Been a while so I thought I would share a few pictures of some of our angora ferrets and kits we bred this year. :flrt:

Fallow


Mustang


Van Weasel


Evie


Jubilee


And Ruffles


----------



## feorag (Jul 31, 2007)

Aw, you've got some beautiful ferrets there! :flrt:

I love this one!
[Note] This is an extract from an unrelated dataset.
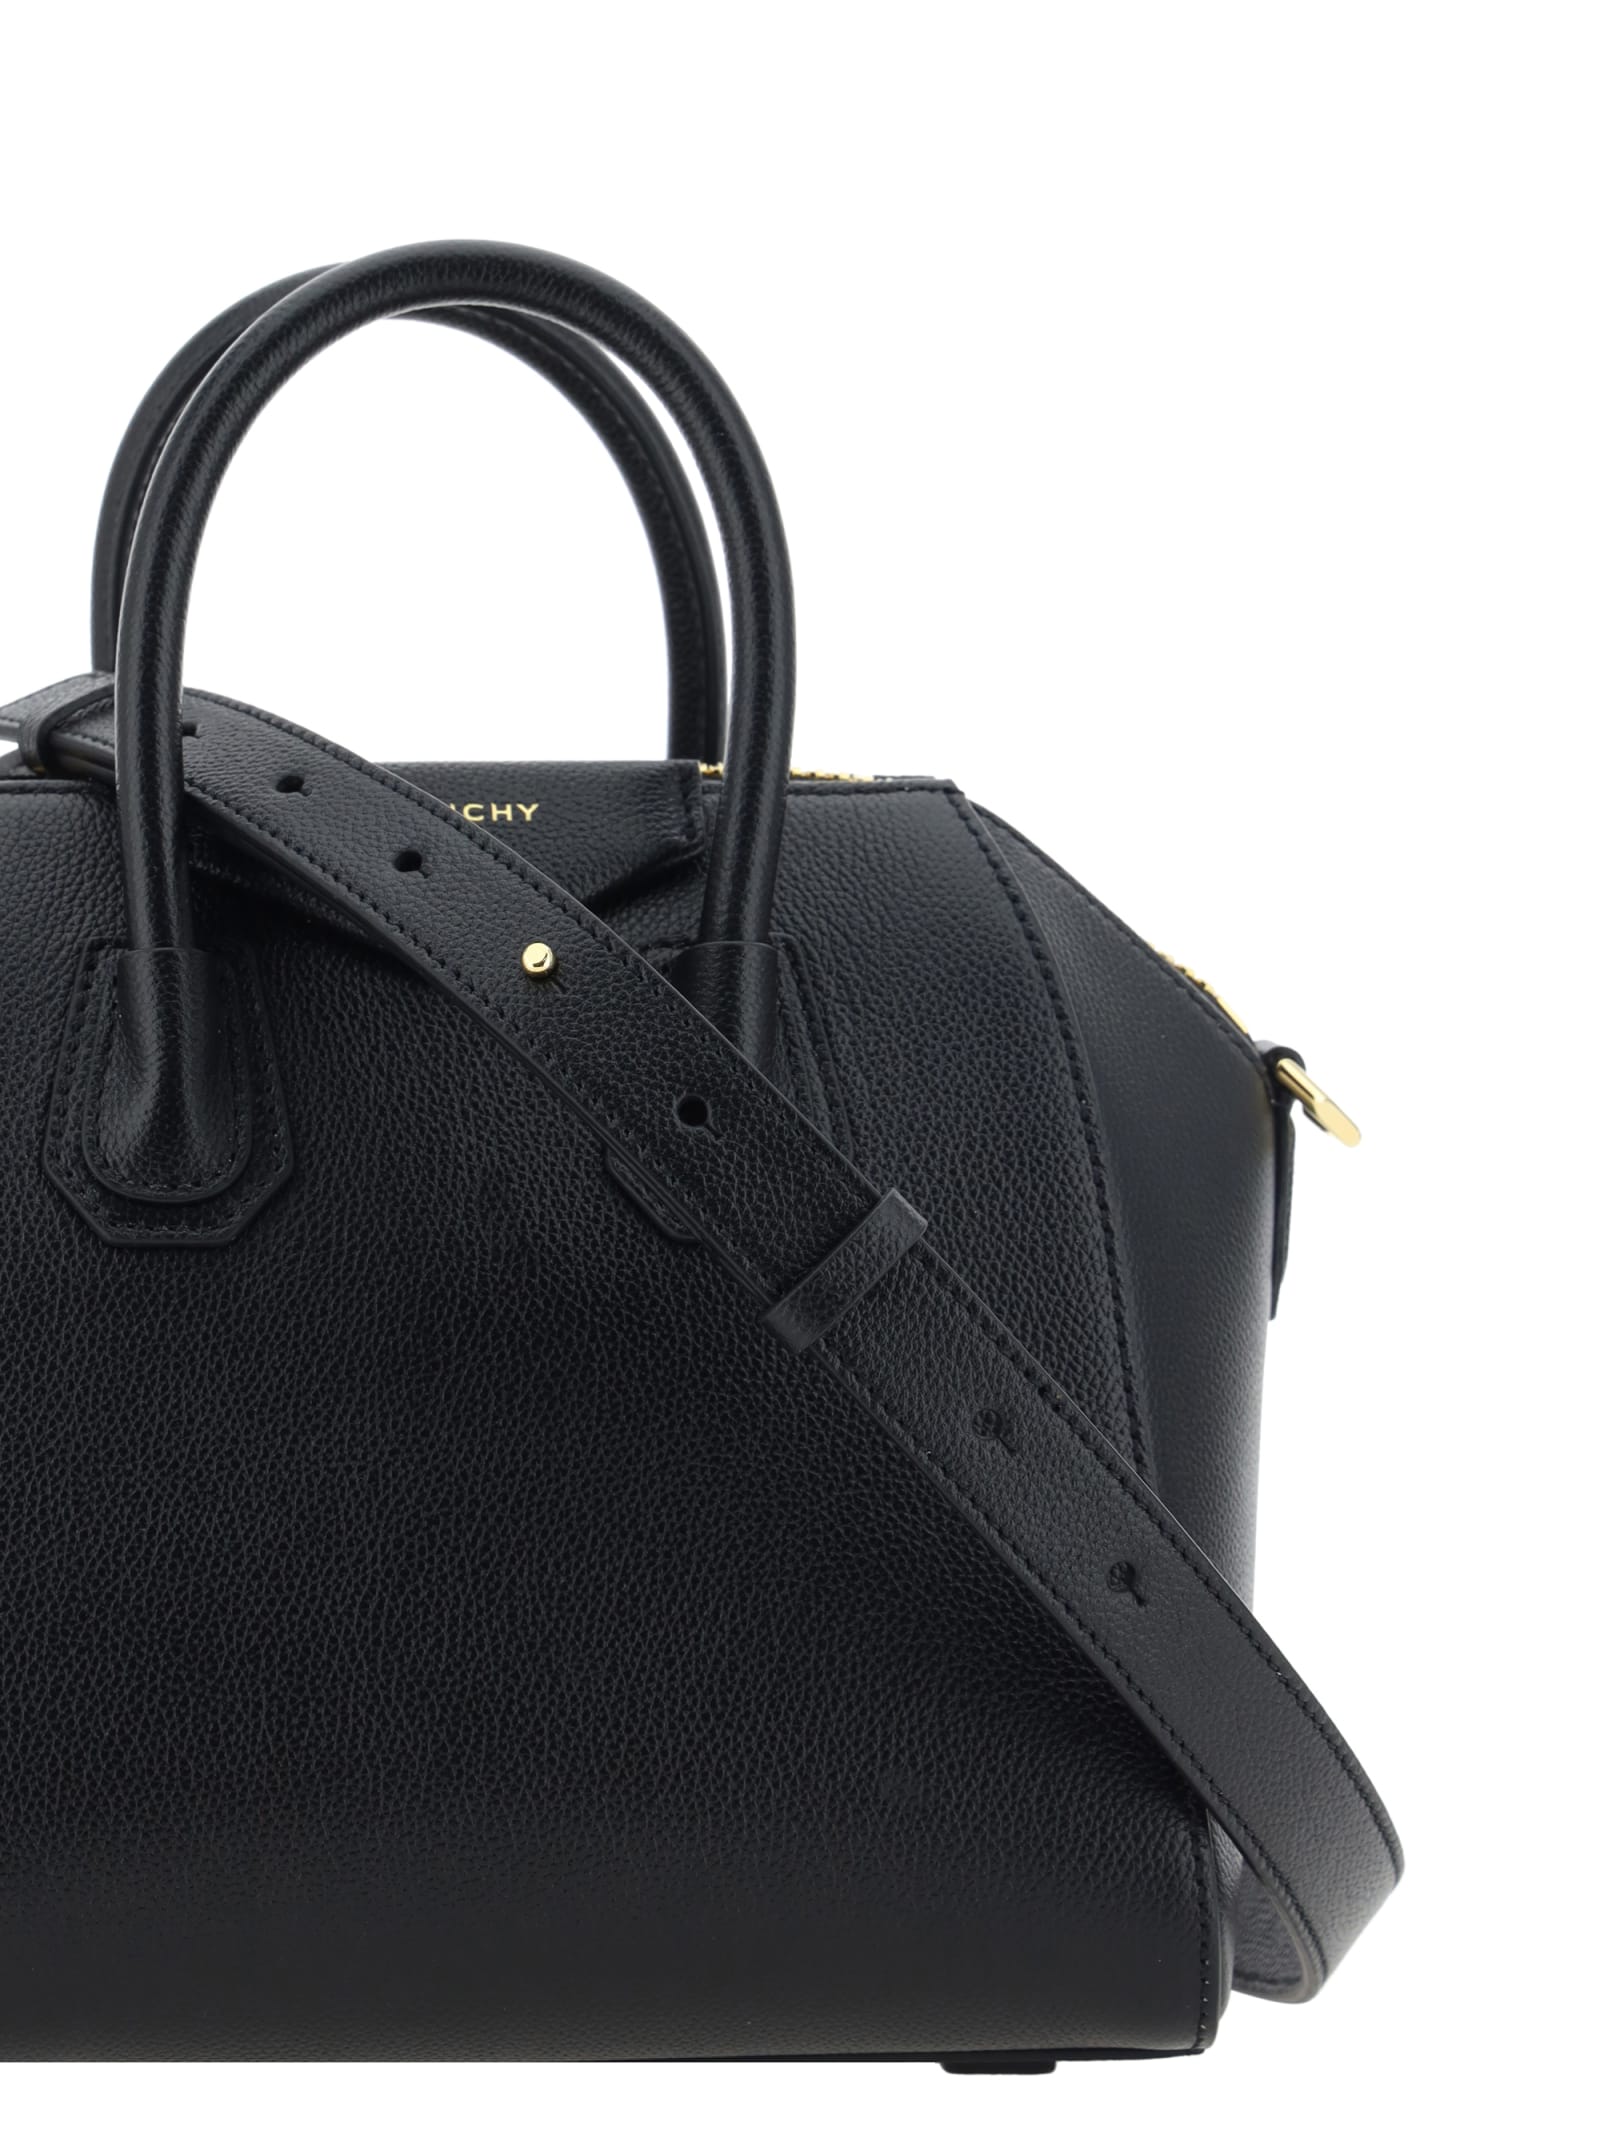 Shop Givenchy Antigona Handbag In Black
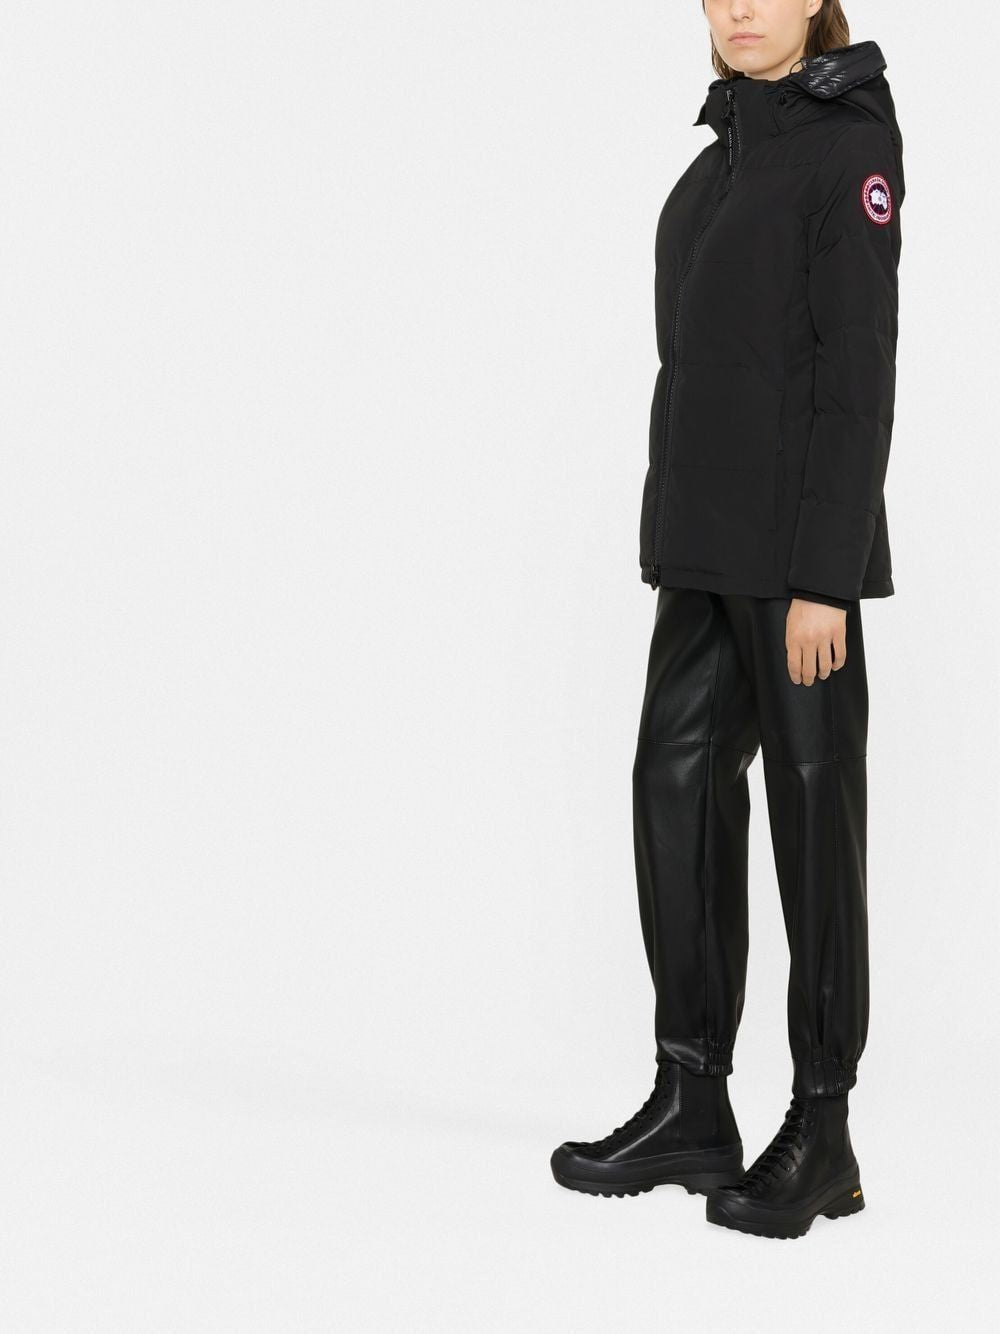 Áo khoác Parka đen FW22 cho nữ - Ấm áp, mềm mại và thời thượng!

What a face! :flrt:


----------



## Chris18 (Mar 22, 2009)

Oh, my, god.
Cutest things ever!


----------



## RhianB87 (Oct 25, 2009)

I have never seen an angora ferret before but I suddenly feel that I need one in my life!
:flrt:


----------



## izz (Aug 1, 2013)

I think I have just fallen in love :flrt:


----------



## MacAoidh (Mar 3, 2013)

Super cute ;-)


----------



## lisadew24 (Jul 31, 2010)

Their so cute :flrt:


----------



## Charlie BRB (Jul 31, 2013)

I've been looking into getting one of these to join my two crazy boys, yours by far, are the best I've seen in the UK :flrt:


----------



## selina20 (May 28, 2008)

Van weasel is an amazing name for a ferret lol


----------



## rosieboobean (Jun 20, 2010)

Beauties :flrt: xxxx


----------



## aliburke (Jun 20, 2011)

Oh these are awesome! :flrt:


----------



## rosieboobean (Jun 20, 2010)

You had some fab kits this year xxxxxxxxx


----------



## Snugglesuk (Jan 6, 2014)

OMG i must stay off the ferret threads!! They are adorable. My son has always wanted a ferret, but we found one once and put it in a box.It was all teeth and claws and frightened me :blush:


----------